How to know what to check-in

This is probably a very basic question, but those are always the tough ones to find answers.  New to Inventor/Vault, not new to CAD/PDM.  Vault Basic, 2013.  Making a whole bunch of new parts, but as far as I can tell, there's no good way to know what you've made unless you keep a list to the side.  Am I missing something?  How do I know what I need to check in when I want to check it all in?  Thanks!

 

fyi: I am making my parts from within Inventor first and saving to my work location on the HDD, is that my process problem? In the PTC Intralink days you would build within your "workspace" so you always knew what you had made and what needed to be checked in, but I don't really see that as a method with Vault Basic.

 

--Scott

Scott G.

Using Inventor 2013/2014 and Vault Basic since 2012
Using Simulation Flow 360 since 2013 (sparingly, bear with me please)
6 years Solidworks (v2006-v2010)
10 years Pro-Engineer (v13-WF2) w/ Intralink (2.0-3.0) w/ Pro/Mechanica
2 years of Mechanical Desktop
AutoCAD since R12
First professional CAD: DrafixCAD
4 REPLIES 4
Message 2 of 5
rantisong
in reply to: sgold

If you have installed Vault Add-in with Inventor, you can new a Vault project in Inventor, so that the file can be managed by Vaut.
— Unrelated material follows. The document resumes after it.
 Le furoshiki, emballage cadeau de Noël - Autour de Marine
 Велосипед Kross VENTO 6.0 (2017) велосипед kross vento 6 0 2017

After that, while you work with your design, there will be a Vault brower, which can help you understand which files have been checked in and which are not. Meanwhile, if you try to close the file without checkin, there will be a message to remender you to check the design back to Vault, so you will not forget to upload your design to the server.

 

AA.jpg

 

Hope this is helpful.

 

Thanks,

-Frank

 

Vault 2013 Wiki help is ALIVE !
Message 3 of 5
sgold
in reply to: rantisong

Yes, helpful that I didn't know I could change the tree on the left to show the Vault.  What I am finding is that if I make a new file from within Inventor though, it does not always ask me to check in.  And, what if I don't want to check in at this time, perhaps I have more edits to make and such, so checking in extra times in undesirable.  

 

Looks like the more advanced Vault has some sort of comparison tool, but looks like that was completely overlooked (or someone decided that it was "good marketing" to leave out that feature to force us to upgrade to fancier unecessary version)  in the Vault Basic.  

 

Geez, already getting on my soapbox in my 2nd post, sorry folks.

 

--Scott

Scott G.

Using Inventor 2013/2014 and Vault Basic since 2012
Using Simulation Flow 360 since 2013 (sparingly, bear with me please)
6 years Solidworks (v2006-v2010)
10 years Pro-Engineer (v13-WF2) w/ Intralink (2.0-3.0) w/ Pro/Mechanica
2 years of Mechanical Desktop
AutoCAD since R12
First professional CAD: DrafixCAD
Message 4 of 5
Lance127
in reply to: sgold

In a multi-user envirnment the work flow can (usually?) looks like this;

 

1. Statart a new file

2. Save new file in Vault workspace on you HD with appropriate name

3. Check blank file in leaving checked out to you.

4. Do creation type stuff

 

This prevents multiple people from trying to create the exact same part or any confusion on the file names. it would also take care of the asking to check in issue.

 

As far as showing what is up to date between your hard drive and Vault, that functionality is in Vault Basic.


Lance W.
Inventor Pro 2013 (PDS Ultimate)
Vault Pro 2013
Windows 7 64
Xeon 2.4 Ghz 12GB
Message 5 of 5
swalton
in reply to: sgold

Vault (basic) does not manage the workspace like Intralink/Windchill.  It only tracks files that have been added to the Vault server.  Anything else, it ignores.

 

Autodesk has not provided a tool to find any files in a workspace that are not in vault.  I bet it is possible to write a utility that compares the list of files in a directory structure and the list of all files in vault: I have not done so.  It might take a while to run, my workspace has 15k files in it.  This is after running the workspace sync tool.

 

If you can perform a search with Windows to find all files that are not read only, that may give you the info that you need.